Data section:
========================

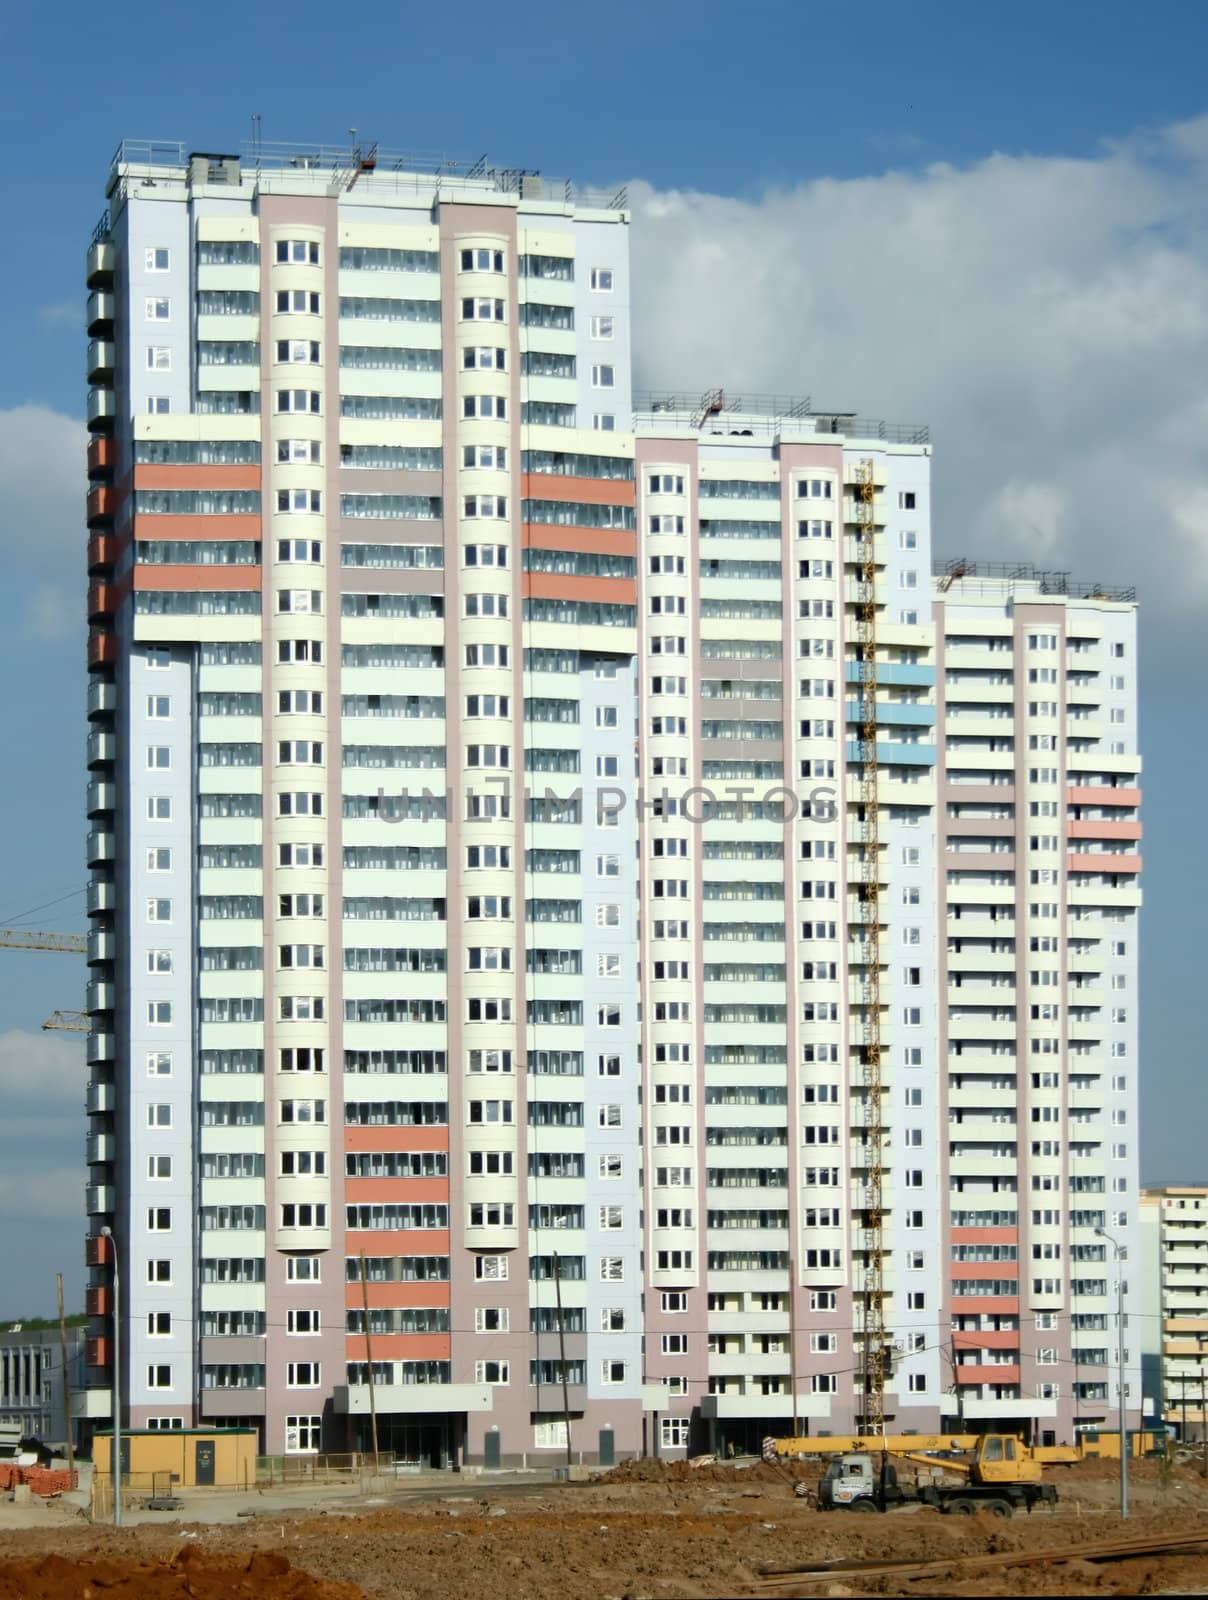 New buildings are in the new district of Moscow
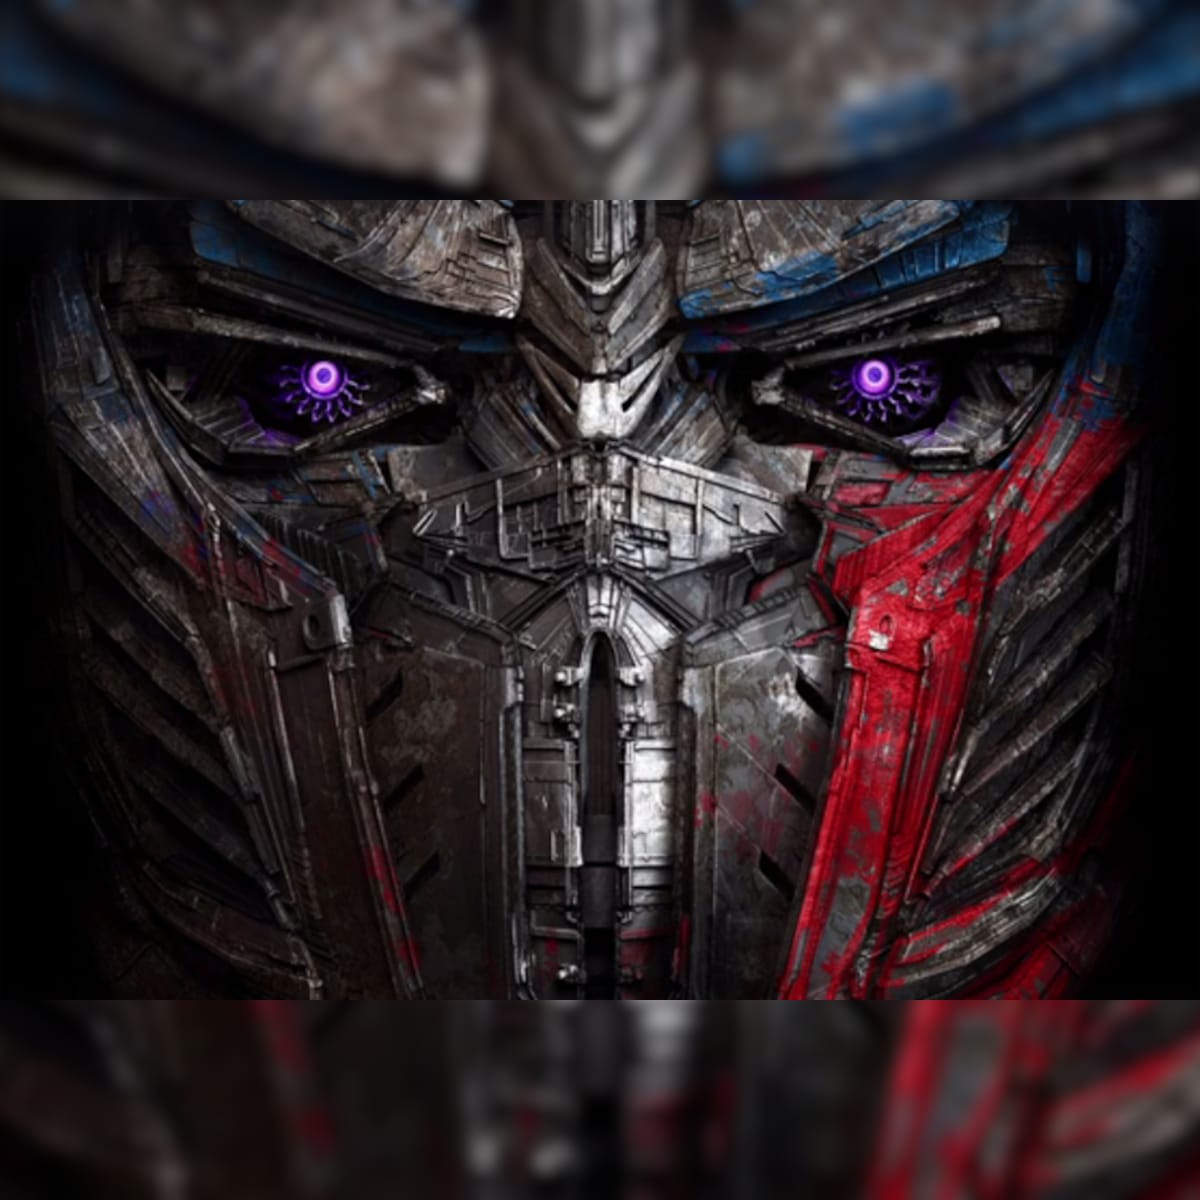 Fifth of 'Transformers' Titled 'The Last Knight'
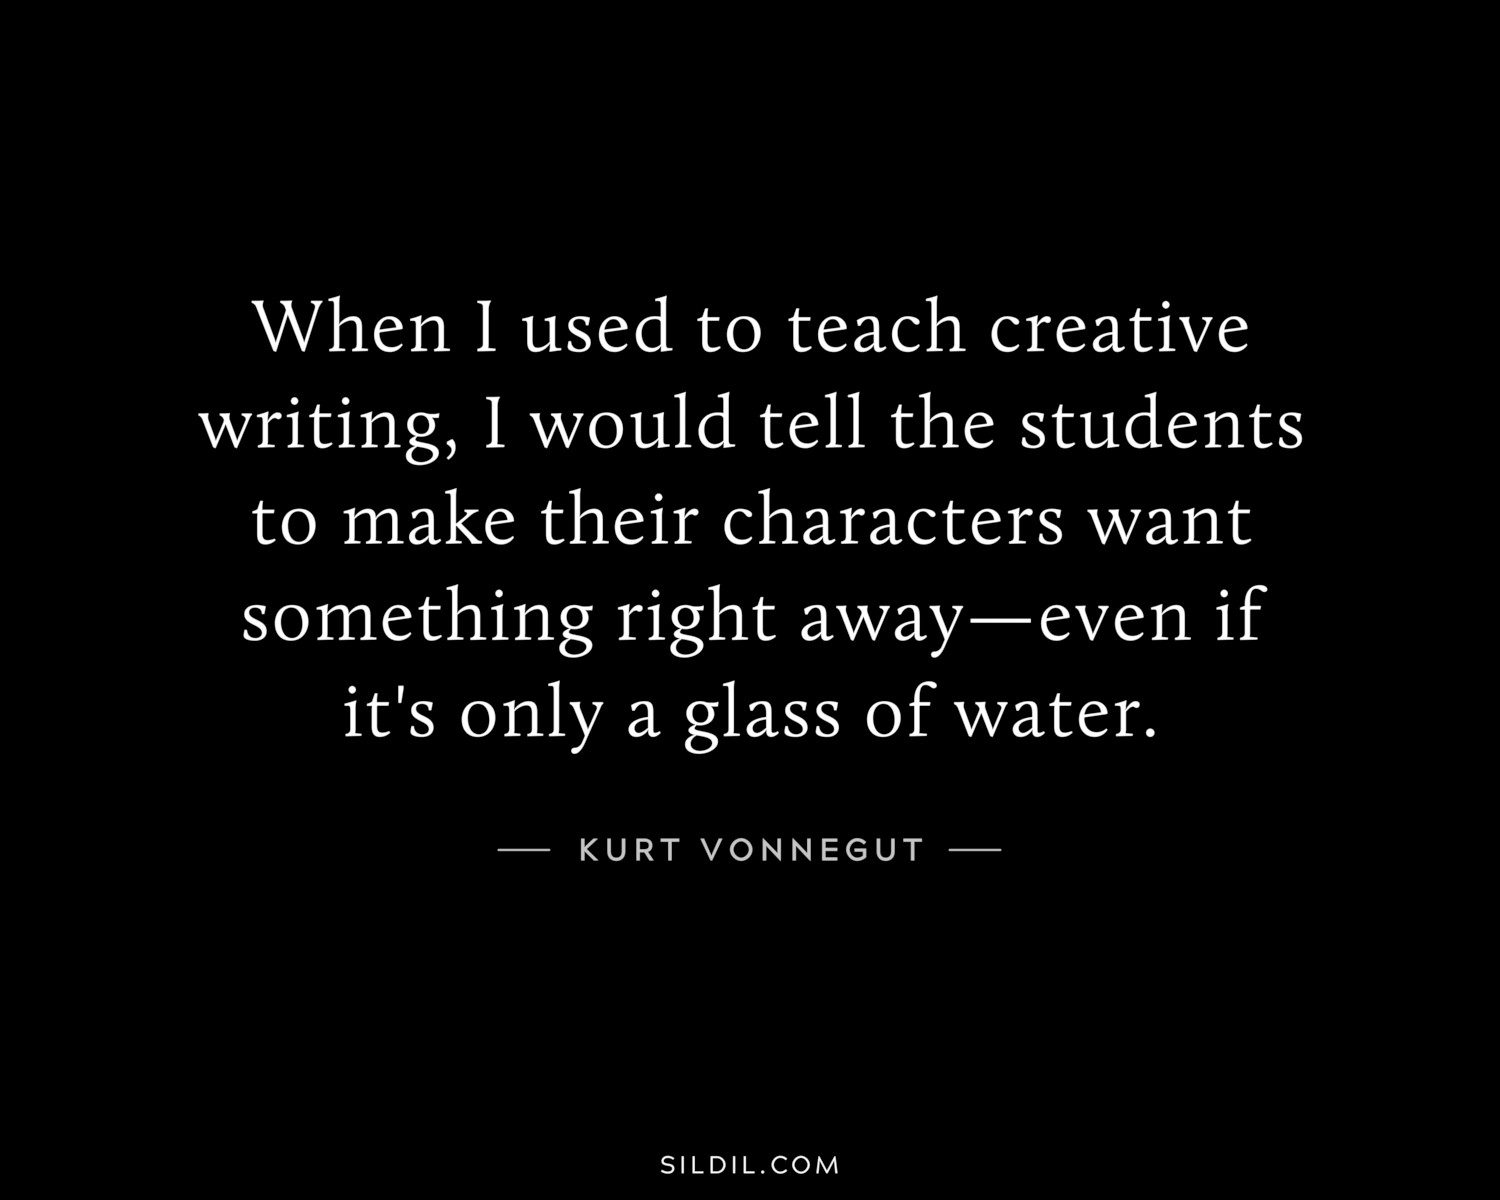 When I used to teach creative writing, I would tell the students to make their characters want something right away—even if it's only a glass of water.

========================

Your objective: What is needed here is each line above set down word for word, minus the images.

Response to this task:
 New buildings are in the new district of Moscow
 Fifth of 'Transformers' Titled 'The Last Knight'
 When I used to teach creative writing, I would tell the students to make their characters want something right away—even if it's only a glass of water.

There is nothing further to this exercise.